# What Size Wire for my Neutral and Ground?



## spacefrog (Jan 2, 2019)

I am running 100 amp line from my service panel to my subpanel through 100' of underground PVC. I have to use copper per local code. I am going to use #3 Cu for my two hot wires.

1) What AWG size does my neutral wire have to be?

I found this: Per NEC Sec. 220-22. You must size the neutral conductor to carry the maximum unbalanced current in the circuit (i.e. the largest load between the neutral and any one ungrounded phase conductor). You calculate the first 200A of neutral current at 100%.

Not sure exactly what that means. I suppose I could use a #3 Cu for my neutral just to be safe?

2) What AWG size does my ground wire have to be?
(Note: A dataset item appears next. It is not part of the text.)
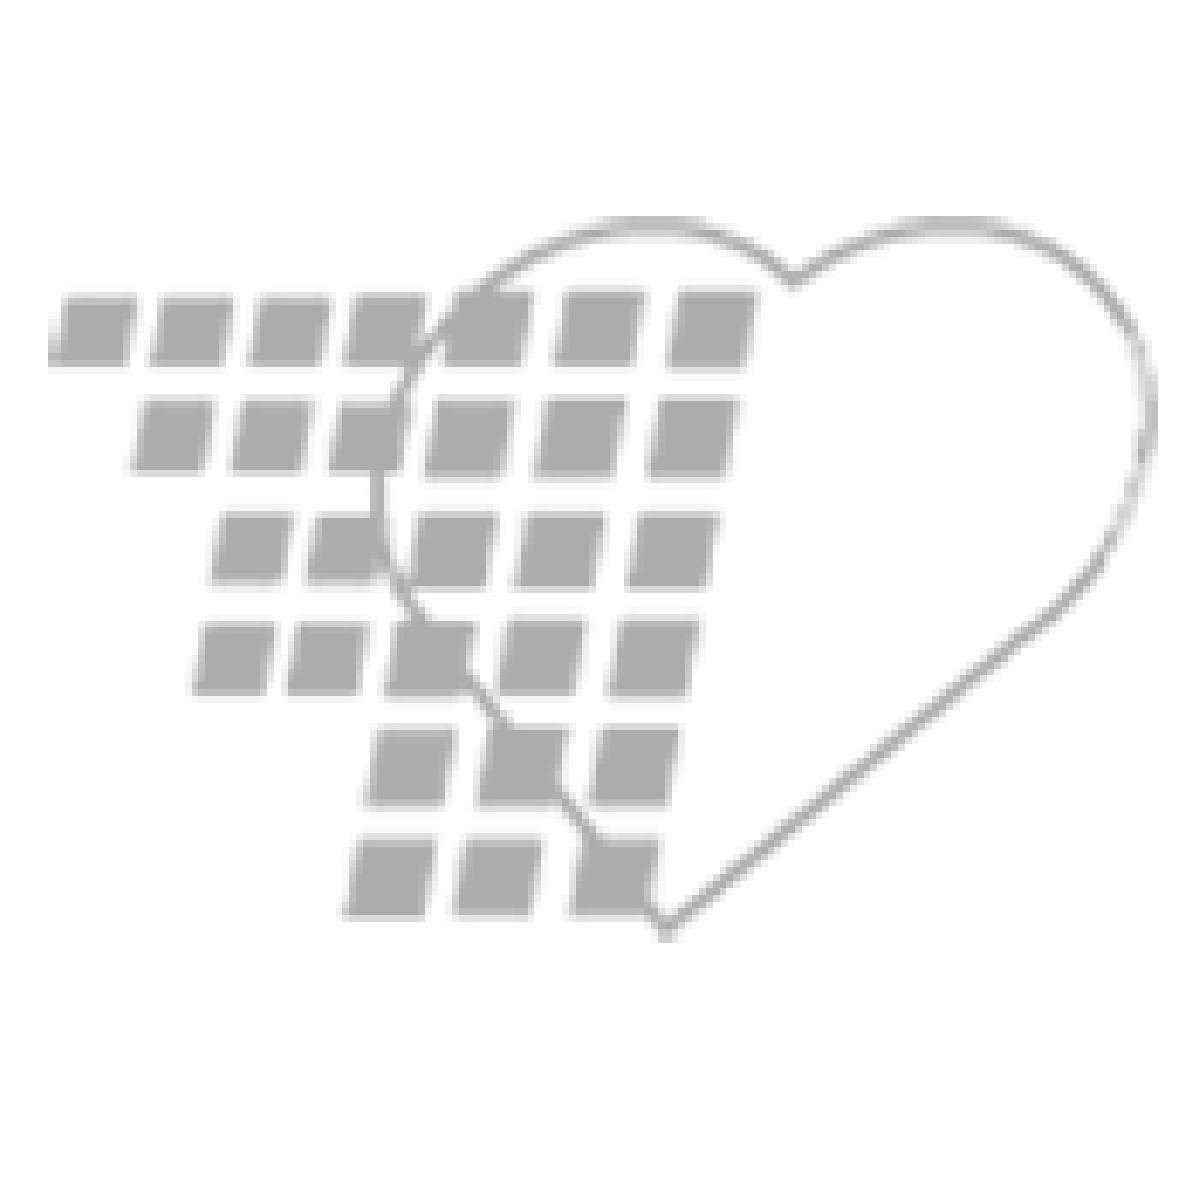 02-20-2007-ADLT - Welch Allyn FlexiPort Reusable Cuff - Adult

I found these two tables 250.66 and 250.122 (attached) that suggest #8 is the smallest Cu ground I can use for 100 amps. That seems small so just want to make sure that #8 is a smart decision.


----------



## responsibleJ (Feb 25, 2018)

Basically it means the neutral must be sized to carry the current of all your 120. If you’ve done some load calculations (you should have) then just subtract all 240 loads from the total. But the easiest/ best way is just to make it the same size as the others. And do some digging into just what kind of wire you should use (THHN, THWN, etc.) for your specific application.
You’re good with #8 for your protective ground according to those charts


----------



## Wiredindallas (Nov 9, 2018)

I would go ahead with #3 for the neutral just because it is not all that much more expensive than #4 and your loads could be mostly 120 volts neutral connected. #8 is ok. Remember this is the wire run from panel to panel for equipment grounding (250.66) not connected to the neutral at the garage (all grounds isolated with a grounding bar). You also need a ground rod connected to the same bar as well as any other existing grounds such as metal water pipes or metal framing if it is a metal shed style building.


----------



## Wiredindallas (Nov 9, 2018)

Correction:. I meant to say #8 for the ground.


----------



## spacefrog (Jan 2, 2019)

Thanks all, I will go with #3 for neutral and #8 for my ground.


----------



## AllanJ (Nov 24, 2007)

In most cases the grounding electrode conductors (ground wires to ground rods etc.) are #6 copper to direct buried or driven rods and #4 copper to water pipe or concrete encased rods. There is a separate size table in the NEC.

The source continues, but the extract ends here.